In the second issue of Makhuzine, an outgrowth of the Dutch Artistic Research Event (DARE) symposium, Pumhösl describes his work as the following:In the last ten years, many arguments in the debate on Modernism have been dominated by arguments of critique, critical distance, and critical discourse. That widely criticized debate has become a messy discourse. My work connects to the prevalent discourse about artistic research, as it involves research, but for me research is only a tool leading to experience. Experience might sound like a conservative term, but I lack a better one. To me experience implies a process of reception and identification, of separating and displacing elements from genealogies."

==Solo exhibitions==
Solo exhibitions of Pumhösl's work have been staged at Kunsthaus Bregenz (2012); Mumok (Vienna, 2011); Kunstverein für die Rheinlande und Westfalen (Düsseldorf, 2010); Musée d’Art Moderne Grand-Duc Jean (Luxembourg, 2009), Stedelijk Museum (Amsterdam, 2008); Neue Kunsthalle St. Gallen (2005); Centre d’édition contemporaine (Geneva, 2004); Kölnischer Kunstverein (Cologne, 2003); Secession (Vienna, 2000); and Salzburger Kunstverein (1998), among others. His work was featured in Documenta 12 (Kassel, 2007), São Paulo Biennial (2006) and the 50th Venice Biennale (2003). In 2015, his work was included in Parasophia: Kyoto International Festival of Contemporary Culture in Kyoto Municipal Museum of Art (2015). In 2012, he exhibited his work in Parcours, a two-person show at The Art Institute of Chicago with Liz Deschenes. Recently, Pumhösl's work has appeared in group exhibitions at the V-A-C Foundation (Venice), Punta della Dogana (Venice), The Museum der Moderne Salzburg, Haus Der Kunst (Munich), City Gallery Prague, Museum Abteiberg (Mönchengladbach), Generali Foundation (Vienna), MACBA (Barcelona), Raven Row (London), Künstlerhaus Vienna, Museum of Modern Art (Warsaw). He has had solo exhibitions at Miguel Abreu Gallery (New York), Galerie Buchholz (Cologne), Lisson Gallery (London), and Galerie Meyer Kainer (Vienna).

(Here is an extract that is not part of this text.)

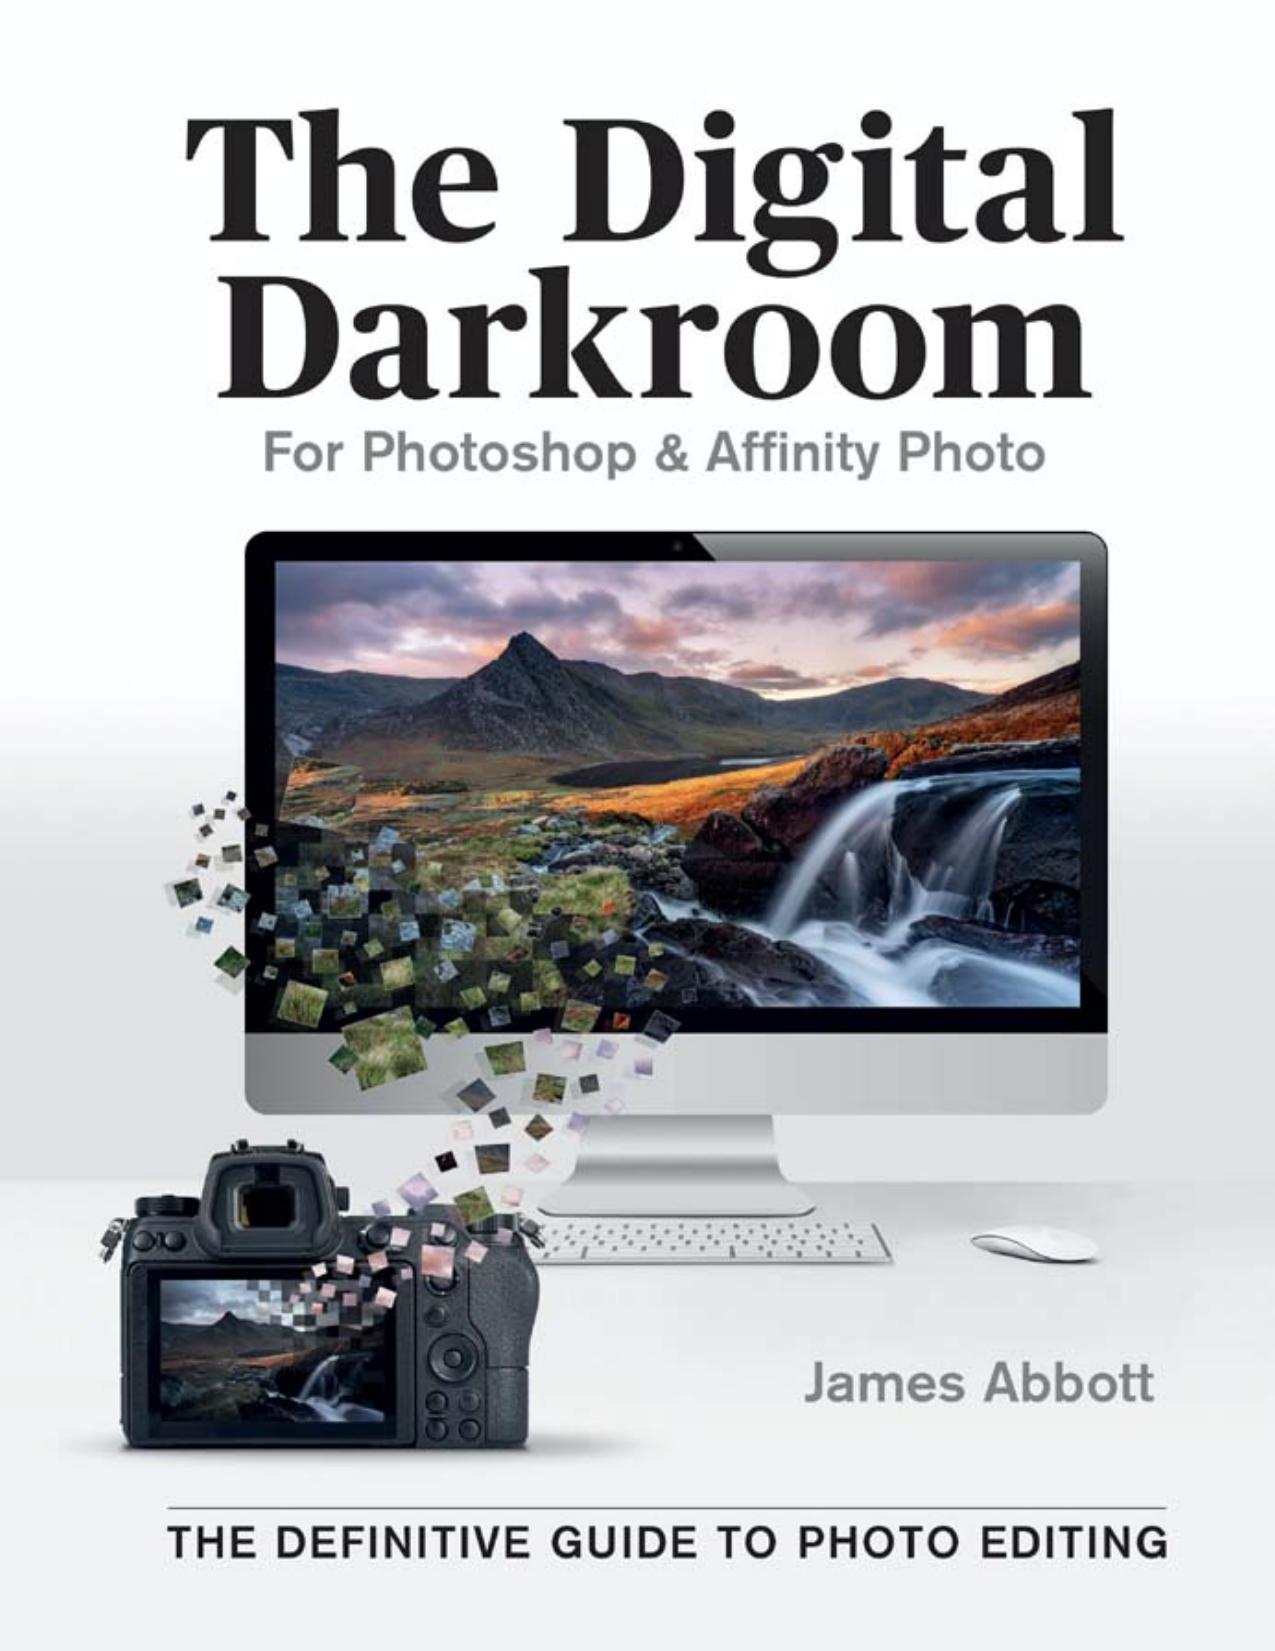 The Digital Darkroom by James Abbott

==Publications and catalogues==
- Space Force Construction. Ed. ArtReview, London, 2017
- No One’s Voice. Hg./ed. Rhombus Press, Vienna 2016
- Florian Pumhösl. Spatial Sequenz: Works in Exhibitions 1993–2012. Hg./ed. Kunsthaus Bregenz, Yilmaz Dziewior, Bregenz, 2012
- Florian Pumhösl. 678, Hg./ed. Matthias Michalka Museum Moderner Kunst Stiftung Ludwig Wien, Köln 2011
- Florian Pumhösl, Hg./ed. Galerie Daniel Buchholz, Lisson Gallery, Buchhandlung Walther Koenig, Köln 2008
- Florian Pumhösl. Animated Map, Hg./ed. Burkhard Meltzer, Neue KunstHalle St. Gallen, Verlag der Buchhandlung Walther König, Köln 2007
- Wachstum und Entwicklung, Hg./ed. Silvia Eiblmayr/Galerie im Taxispalais, Revolver–Archiv für aktuelle Kunst, Frankfurt am Main 2003
- Florian Pumhösl. CENTRAL–Kunstpreis Kölnischer Kunstverein, Hg./ed. Kölnischer Kunstverein, Revolver–Archiv für aktuelle Kunst, Frankfurt, 2003
- Champs d’Expérience, Hg./ed. Bawag Foundation Edition, Wien 2002
- Florian Pumhösl, Hg./ed. Secession, Wien 2000

==Collections==
- Pumhösl's work is held in major collections including Mumok, Vienna; Tate Modern, London; MOCA LA; Generali Foundation, Vienna; MACBA, Barcelona; Österreichische Galerie Belvedere, Vienna; Museo Reina Sofia, Madrid; Pinault Collection, Paris and Venice; and V-A-C Foundation, Venice.